━━━━━ DATA PROVIDED

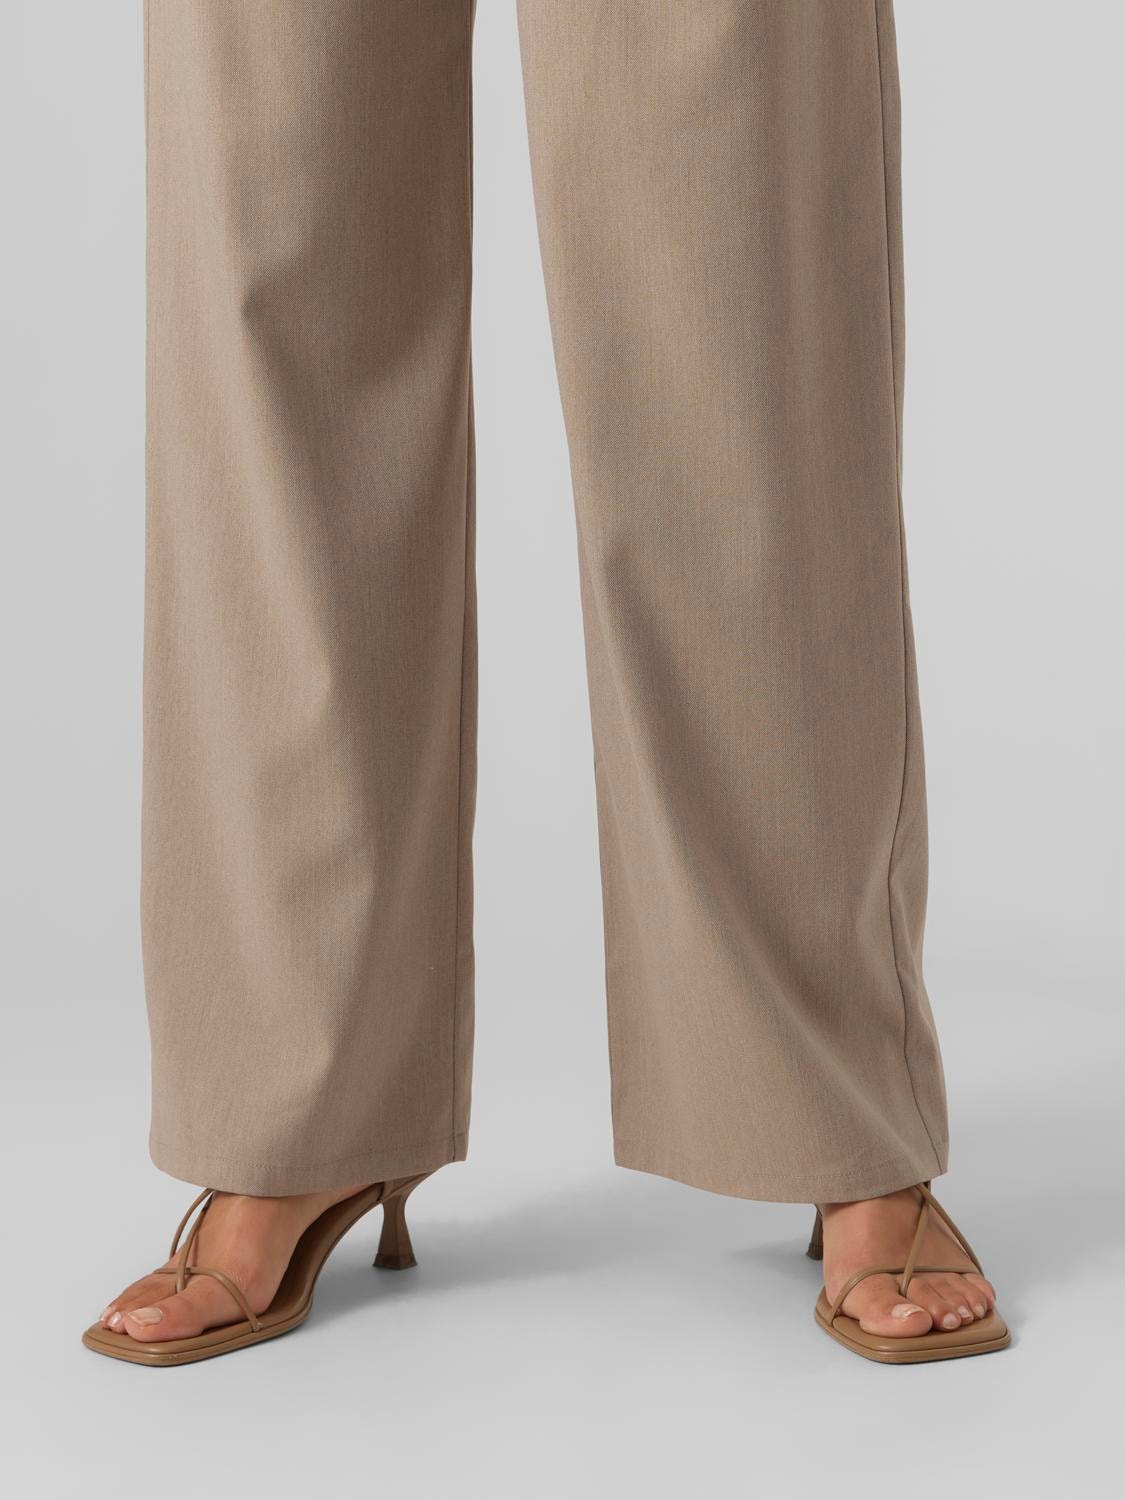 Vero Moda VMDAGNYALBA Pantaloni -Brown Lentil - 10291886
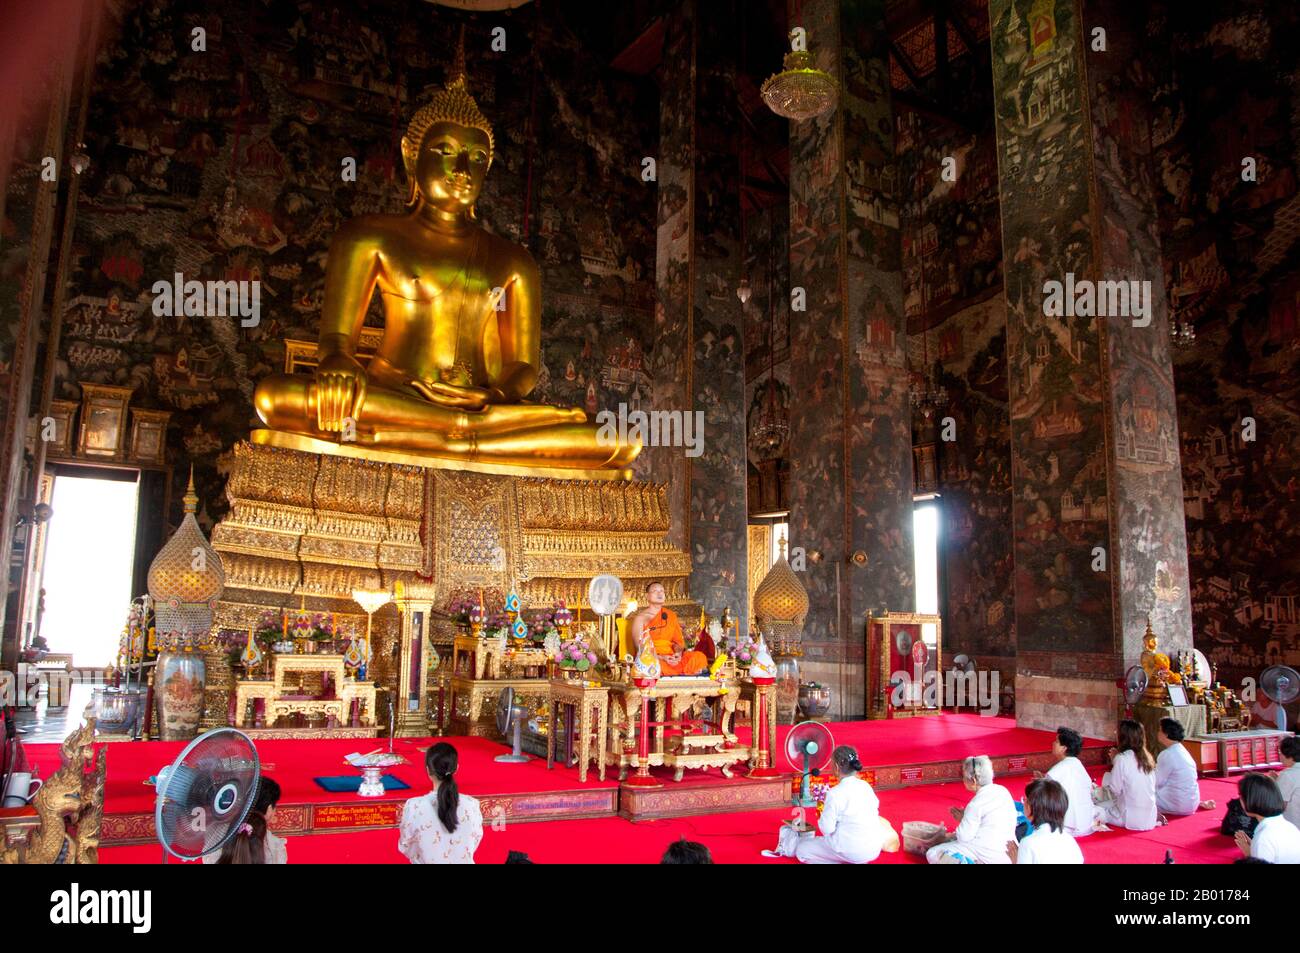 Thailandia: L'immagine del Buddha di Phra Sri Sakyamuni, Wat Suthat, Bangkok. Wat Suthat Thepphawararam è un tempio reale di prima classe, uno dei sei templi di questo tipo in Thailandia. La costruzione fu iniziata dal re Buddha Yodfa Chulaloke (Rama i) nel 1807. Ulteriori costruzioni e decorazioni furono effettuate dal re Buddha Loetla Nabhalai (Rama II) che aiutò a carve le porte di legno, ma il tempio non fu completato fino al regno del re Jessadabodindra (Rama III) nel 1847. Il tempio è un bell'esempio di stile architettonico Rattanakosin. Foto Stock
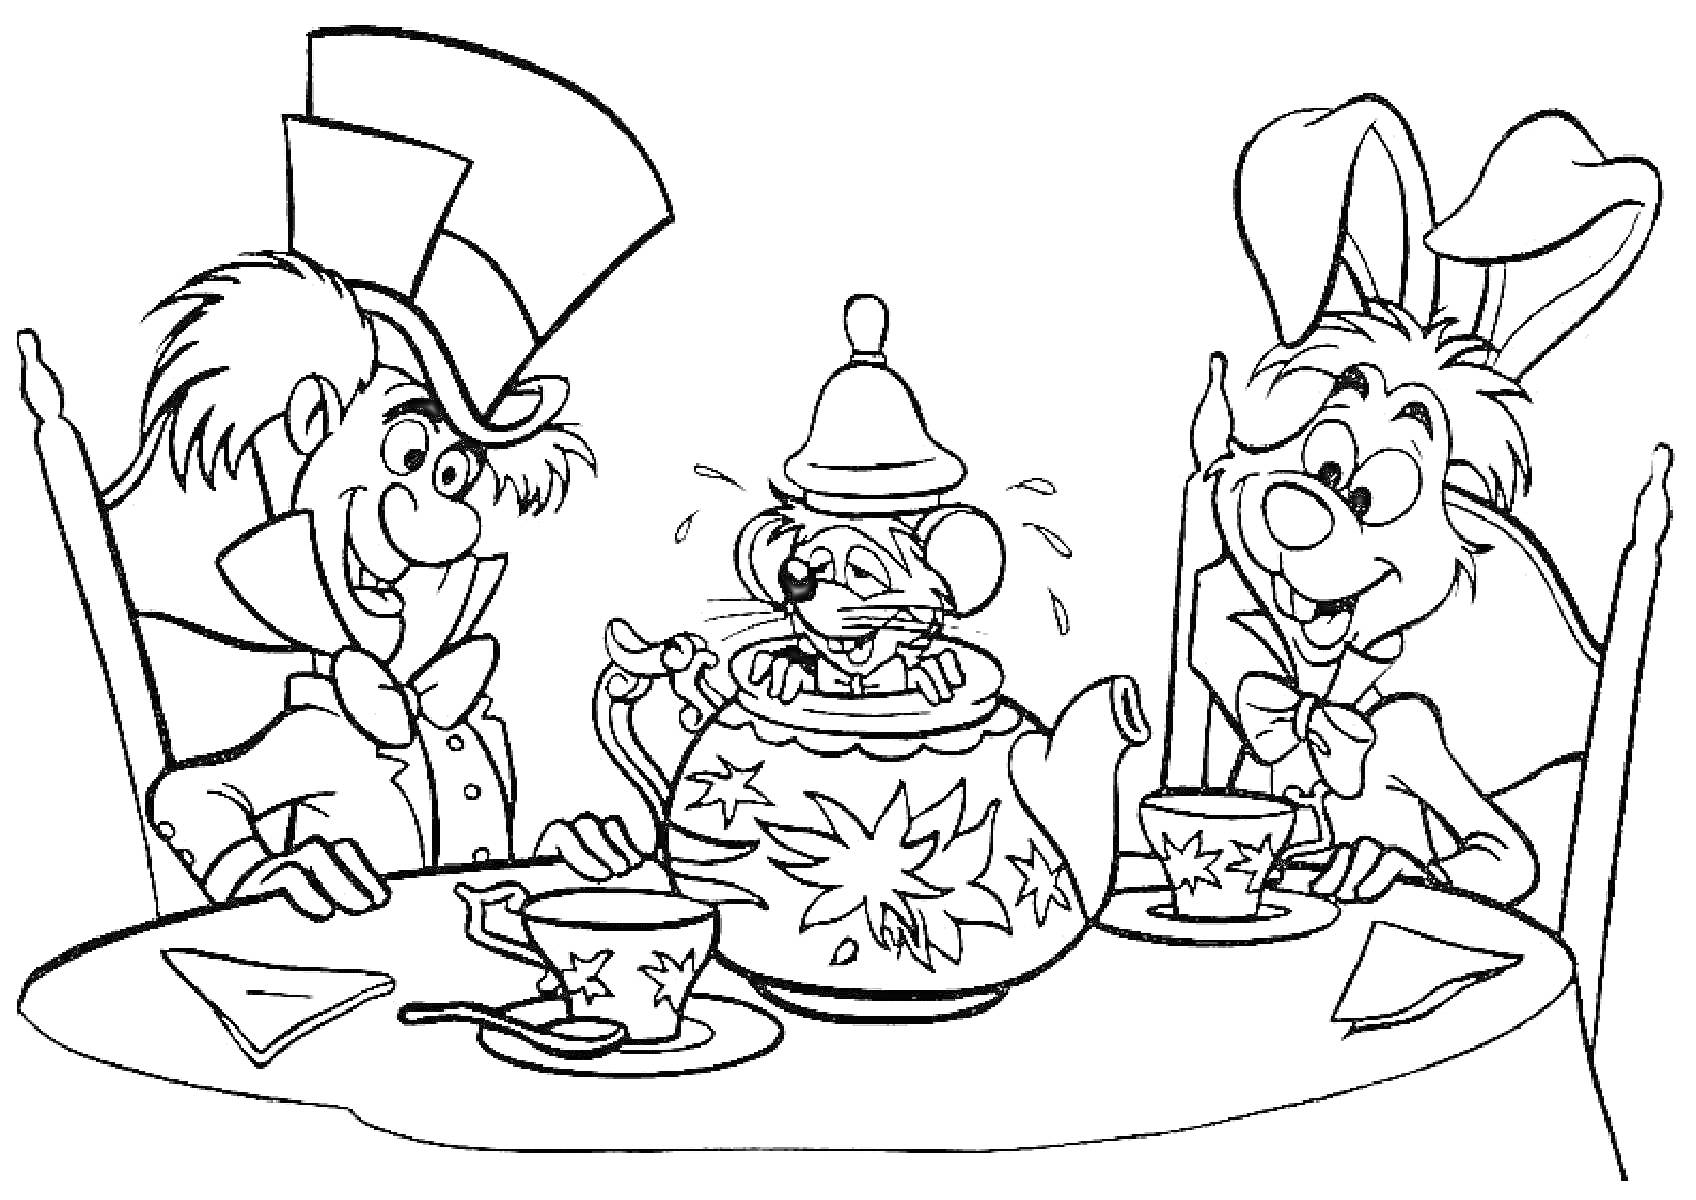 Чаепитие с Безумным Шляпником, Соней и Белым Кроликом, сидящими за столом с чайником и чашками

━━━━━━━━━━

PROBLEM DESCRIPTION:
Transcribe the data exactly, minus any images.

TASK ANSWER:
 Vero Moda VMDAGNYALBA Pantaloni -Brown Lentil - 10291886
 Thailandia: L'immagine del Buddha di Phra Sri Sakyamuni, Wat Suthat, Bangkok. Wat Suthat Thepphawararam è un tempio reale di prima classe, uno dei sei templi di questo tipo in Thailandia. La costruzione fu iniziata dal re Buddha Yodfa Chulaloke (Rama i) nel 1807. Ulteriori costruzioni e decorazioni furono effettuate dal re Buddha Loetla Nabhalai (Rama II) che aiutò a carve le porte di legno, ma il tempio non fu completato fino al regno del re Jessadabodindra (Rama III) nel 1847. Il tempio è un bell'esempio di stile architettonico Rattanakosin. Foto Stock
 Чаепитие с Безумным Шляпником, Соней и Белым Кроликом, сидящими за столом с чайником и чашками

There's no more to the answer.